Michael Polanyi, the British-Hungarian philosopher renowned for coining the term “tacit knowledge,” highlighted a significant aspect of expertise that remains largely unarticulated and undocumented. His assertion, “We know more than we can tell,” underscores the challenge facing companies today as they seek to integrate artificial intelligence (AI) into their operations. A significant portion of the knowledge required for effective AI solutions remains unwritten, creating a gap in workflow automation.
Interloom, a Munich-based startup, has recently secured $16.5 million in funding to tackle this very issue. The investment round, led by DN Capital with contributions from Bek Ventures and existing investor Air Street Capital, follows a $3 million seed round announced earlier in 2024. Although Interloom has not disclosed its valuation following this funding, the startup aims to revolutionize business process automation for the AI generation.
Fabian Jakobi, the founder and CEO of Interloom, emphasizes that the current enthusiasm for AI agents often neglects the bottleneck created by tacit knowledge. He points out that approximately 70% of operational decisions within organizations have yet to be formally documented. This knowledge, often gained through experience, enables seasoned professionals to navigate complex situations successfully, even when such information is absent from manuals or databases. Jakobi asserts, “The most important person at the bank is the person who knows whether the documentation is right or not.” This unrecognized expertise often has a direct impact on quality and operational efficiency.
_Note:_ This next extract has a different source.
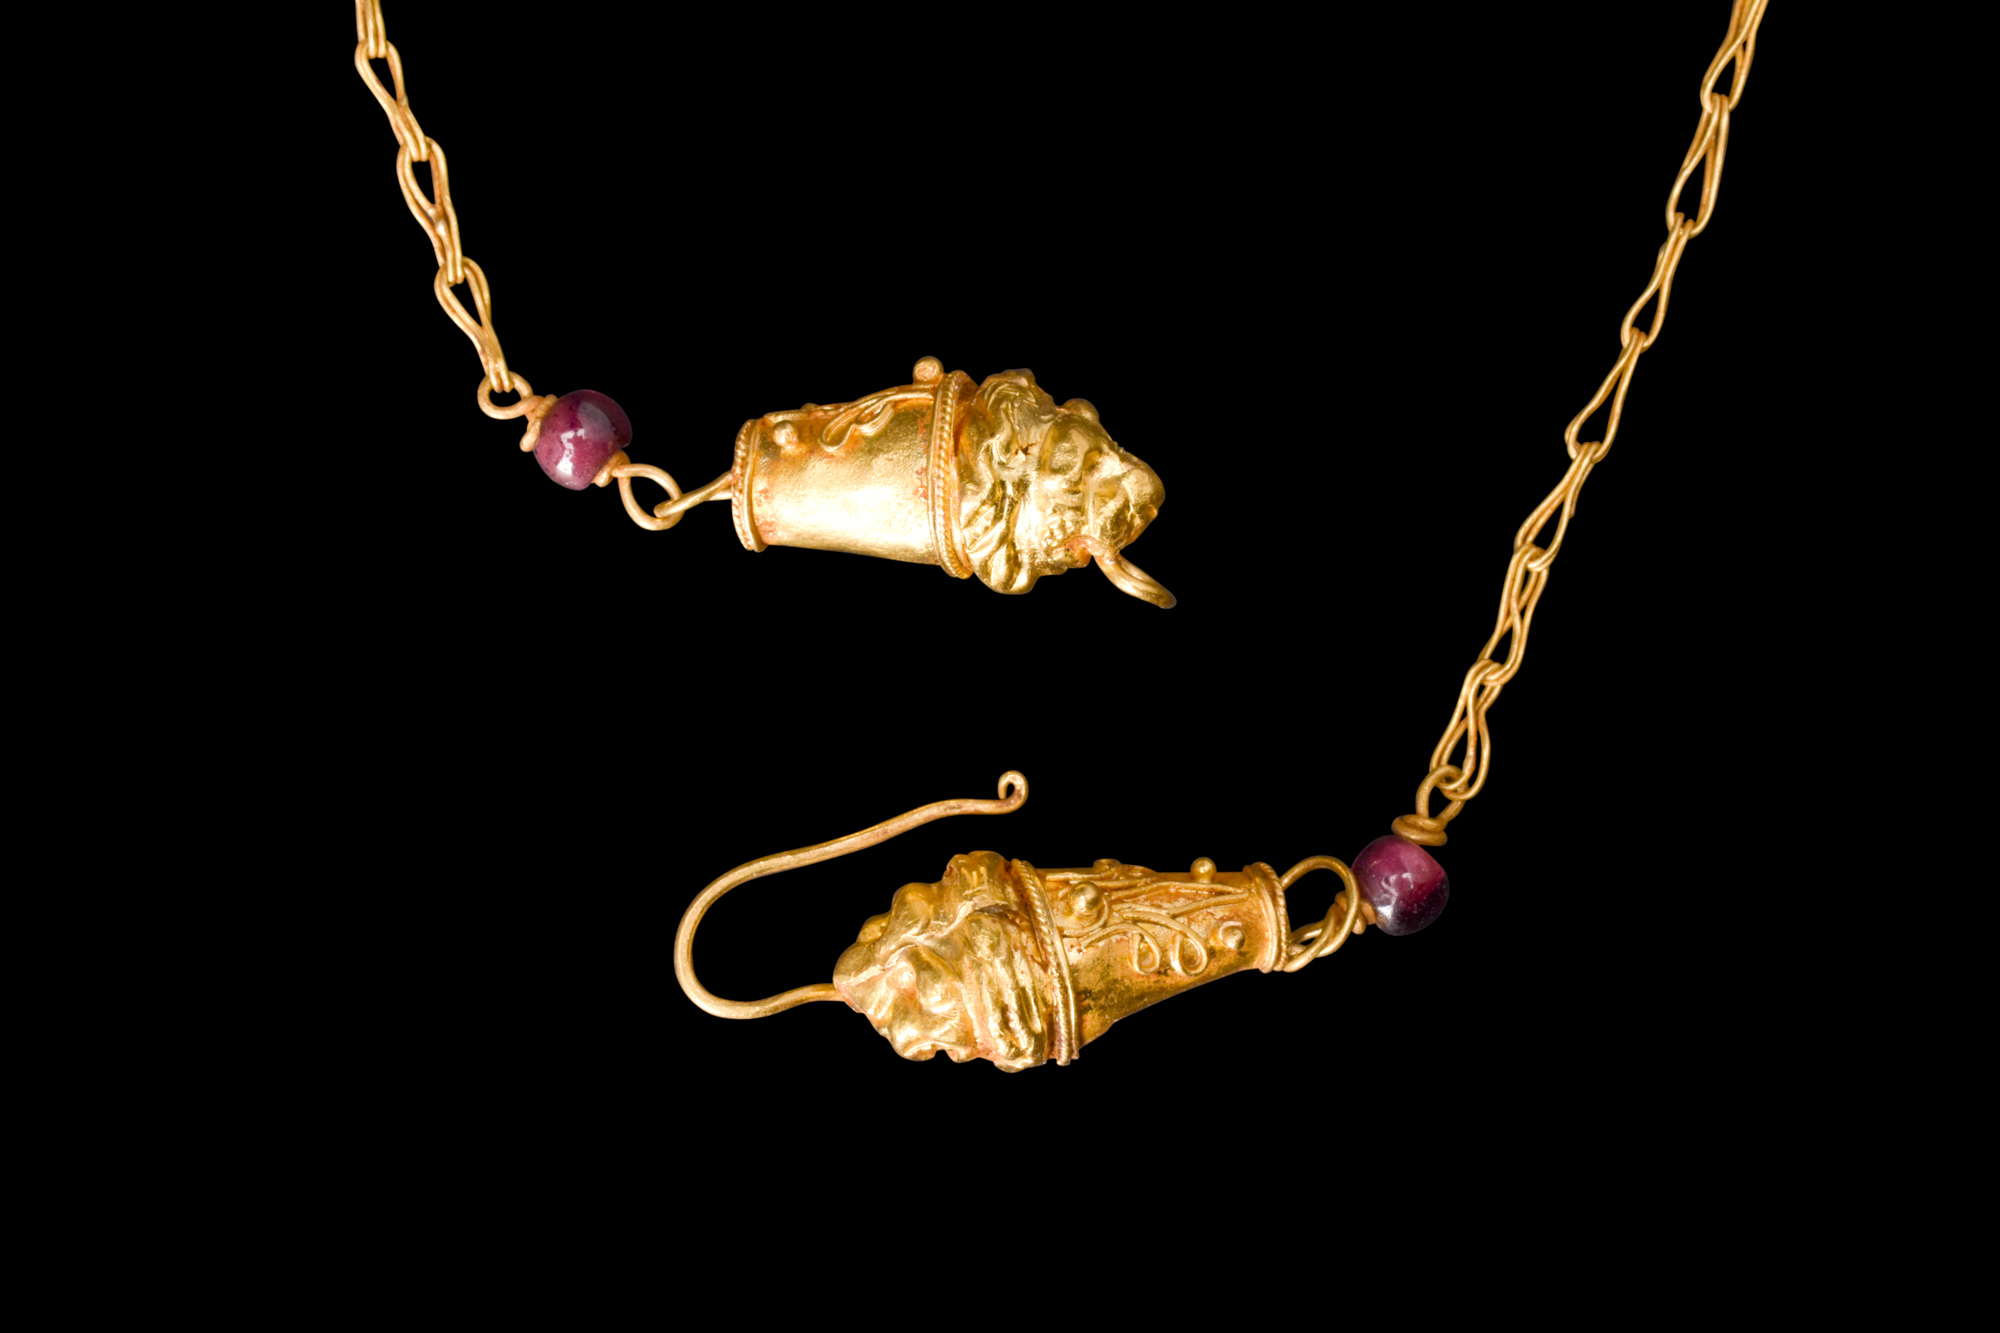 HELLENISTIC GOLD CHAIN WITH LION HEAD FINIALS - Image 10 of 10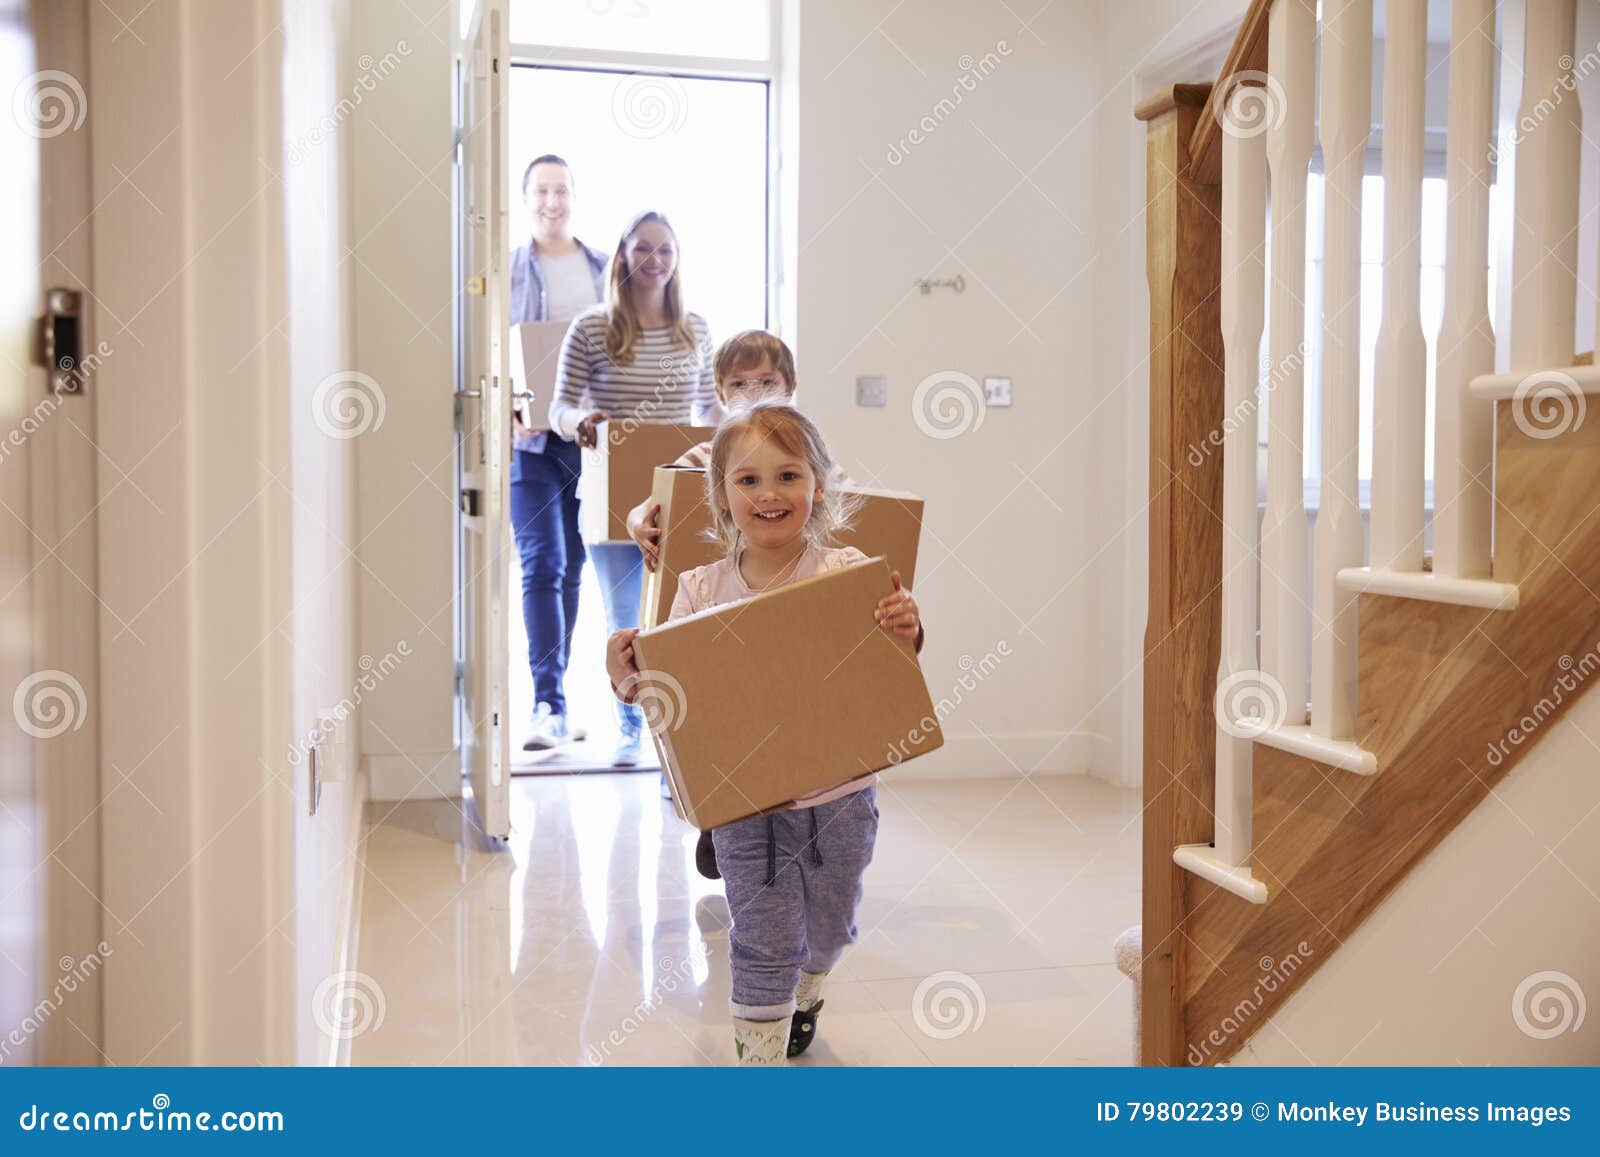 family carrying boxes into new home on moving day

Interloom’s solution involves the analysis of millions of operational records—ranging from support emails to service tickets—to create what it refers to as a “context graph.” This dynamic map serves to capture how problems are resolved within organizations, akin to how Google Maps adapts to real-time traffic conditions. By mapping out the routes taken by operational experts, Interloom aims to empower both AI agents and new employees with the insights necessary to succeed in complex environments.
Jakobi’s entrepreneurial background includes founding Boxplot, a venture sold to Hyperscience, which specializes in extracting data from unstructured documents. Interloom’s software is currently operational within major European corporations. For instance, at Commerzbank, it assessed the efficacy of existing internal documentation against millions of support emails, revealing inconsistencies and gaps. The company claims to have reduced this disparity from approximately 50% to a mere 5%. Interloom has also processed customer support tickets for Volkswagen and earned a company-wide AI competition win at Zurich Insurance, standing out among 2,000 competing startups.
Jakobi emphasizes that underwriting decisions in insurance firms reflect the unique risk appetites and institutional knowledge inherent to each organization, which general-purpose models may overlook. He criticizes traditional consulting firms for not possessing the nuanced understanding that an internal underwriter would have regarding their operations.
The ongoing dialogue within the industry stresses that AI agents need organization-specific context to be effective. Jakobi frames this issue as the “corporate memory” problem, noting that while compilers in software programs can verify code functionality, such assurances are absent in other domains, necessitating human expert evaluations.
Investors in Interloom share Jakobi’s perspective. Guy Ward Thomas of DN Capital acknowledges that the effectiveness of AI agents is heavily reliant on the expert decisions informing them. He has observed that agents lacking proper context frequently underperform. Mehmet Atici from Bek Ventures, who previously supported UiPath, aligns with this view, recognizing the transformative potential of AI in enterprise automation and its departure from traditional robotic process automation.
Interloom’s emergence comes at a critical time, coinciding with the “Great Retirement,” where approximately 10,000 Baby Boomers are leaving the workforce daily in the U.S. This mass exit risks the loss of valuable institutional knowledge, coinciding with companies’ efforts to deploy AI solutions on a larger scale.
Jakobi remains candid about the competitive landscape, identifying inertia within large organizations as his primary obstacle. As Interloom sets its sights on future product development, it plans to introduce a feature dubbed internally as “Chief of Staff,” aimed at providing managers with real-time visibility into AI agent performance while incorporating version control for these processes.
While Interloom isn’t the only player venturing into AI agent management, Jakobi is confident that his company’s unique “context graph” offers a competitive edge, particularly in providing the comprehensive insights necessary for navigating complex operational challenges—something he believes larger companies often fail to achieve.